I am going through my father's papers - he died in 2008. He had an "eventful" war! As a Polish soldier, he was captured and imprisoned in Germany. After escape, he was imprisoned in Spain - but eventually reached Gibraltar from where he travelled on a convoy to Scotland in 1943. I have just found the name of the ship he was on, the Merchant ship “Harpalyce”. This was in a convoy which left around 2 May and arrived in Methil (?) around 17 May.
Can anybody help me in finding information about this ship and its journey to the UK. I have found basic info. about the boat - it survived the war, though its predecessor of the same name was sunk in 1940.
Any help appreciated.

John Zarnecki


----------



## Dickyboy (May 18, 2009)

Welcome John 
There are several ships named "Harpalyce" pictured in our gallery. It might give you some clues, and you may find someone who knows of her on this site.


----------



## jg grant (Nov 22, 2007)

hello John from New Zealand and good luck with your search


----------



## Hugh MacLean (Nov 18, 2005)

Hello John,

HARPALYCE official number 168334 built in 1942. Her 1943 logbooks are held in Kew in piece BT 381/2632. Not sure if there will be a great deal in there of particular interest as your father was a soldier but you never know. The ship arrived in Methil 17 May (convoy WN 428 from Loch Ewe) having left Gibraltar 2 May (convoy MKS 12 and later rendezvous with convoy SL 128 and MKS 12).

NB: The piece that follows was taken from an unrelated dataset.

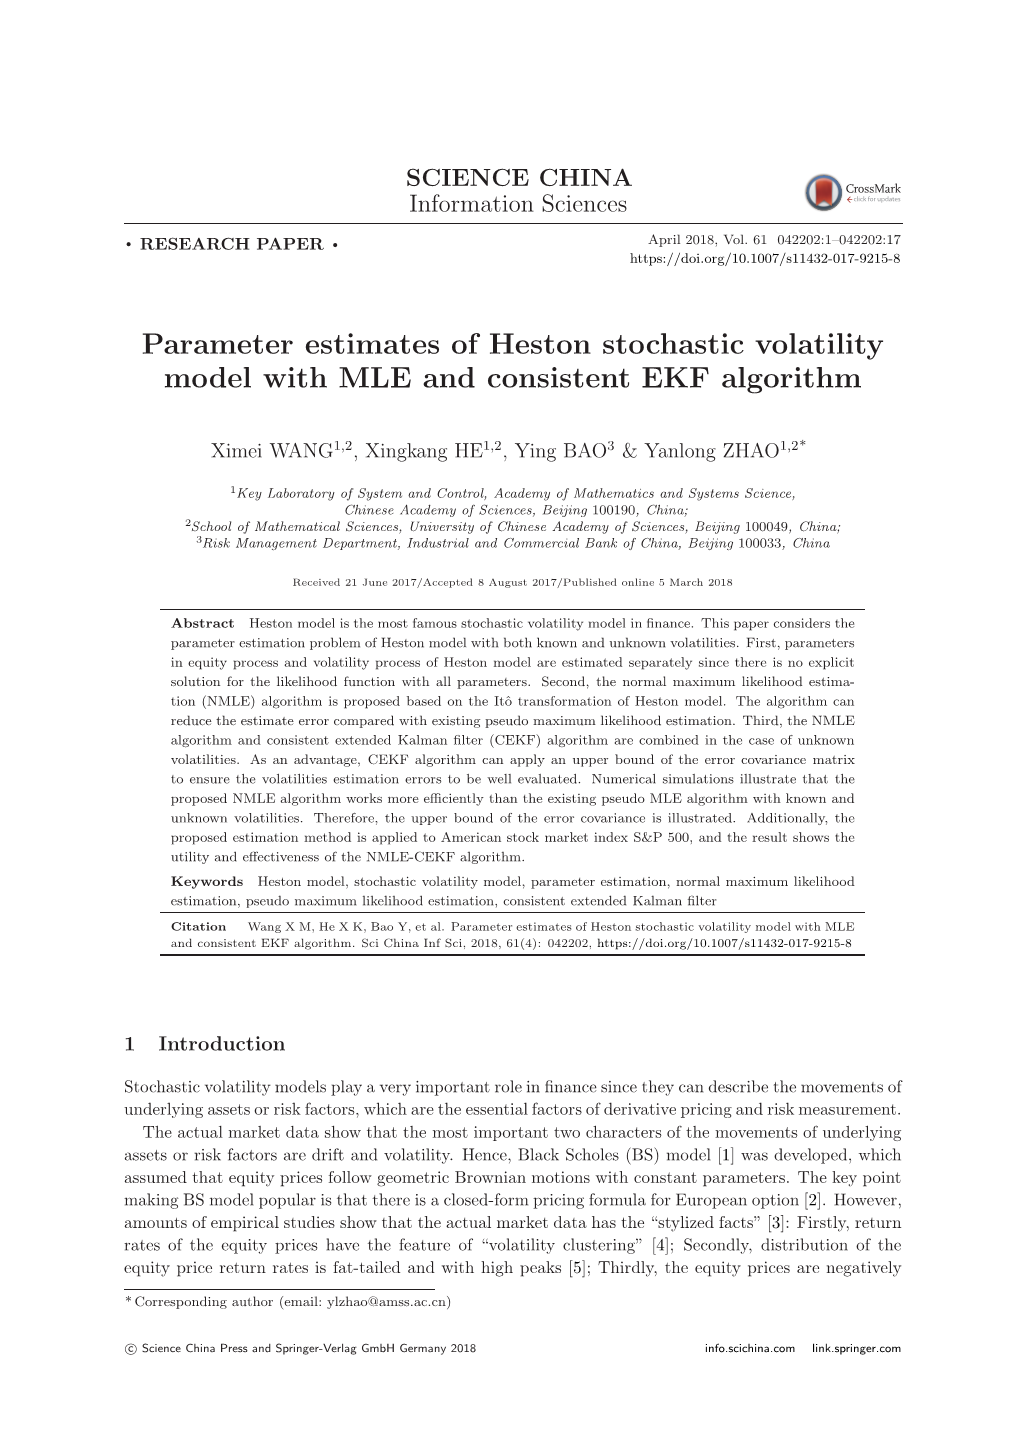 Parameter Estimates of Heston Stochastic Volatility Model with MLE and Consistent EKF Algorithm

My late father was aboard this ship in 1944. Good luck with your research.

Regards
Hugh


----------



## A.D.FROST (Sep 1, 2008)

J.C.Zarnecki said:


> I am going through my father's papers - he died in 2008. He had an "eventful" war! As a Polish soldier, he was captured and imprisoned in Germany. After escape, he was imprisoned in Spain - but eventually reached Gibraltar from where he travelled on a convoy to Scotland in 1943. I have just found the name of the ship he was on, the Merchant ship “Harpalyce”. This was in a convoy which left around 2 May and arrived in Methil (?) around 17 May.
> Can anybody help me in finding information about this ship and its journey to the UK. I have found basic info. about the boat - it survived the war, though its predecessor of the same name was sunk in 1940.
> Any help appreciated.
> 
> John Zarnecki















(Thumb)


----------



## J.C.Zarnecki (Feb 28, 2015)

Dear Hugh
Thank you so much for your reply and information about the Harpalyce. It does confirm the basic information concerning dates and arrival port I found in my dad's diary. I shall follow up the logbooks in Kew that you've pointed me to. There is a family story that dad learnt his first English from the Irish sailors on the boat -is it likely that the crew was largely Irish?
Very interested to hear that your late father was on this ship - he was presumably a seaman?
Very many thanks again for your help
John Zarnecki


----------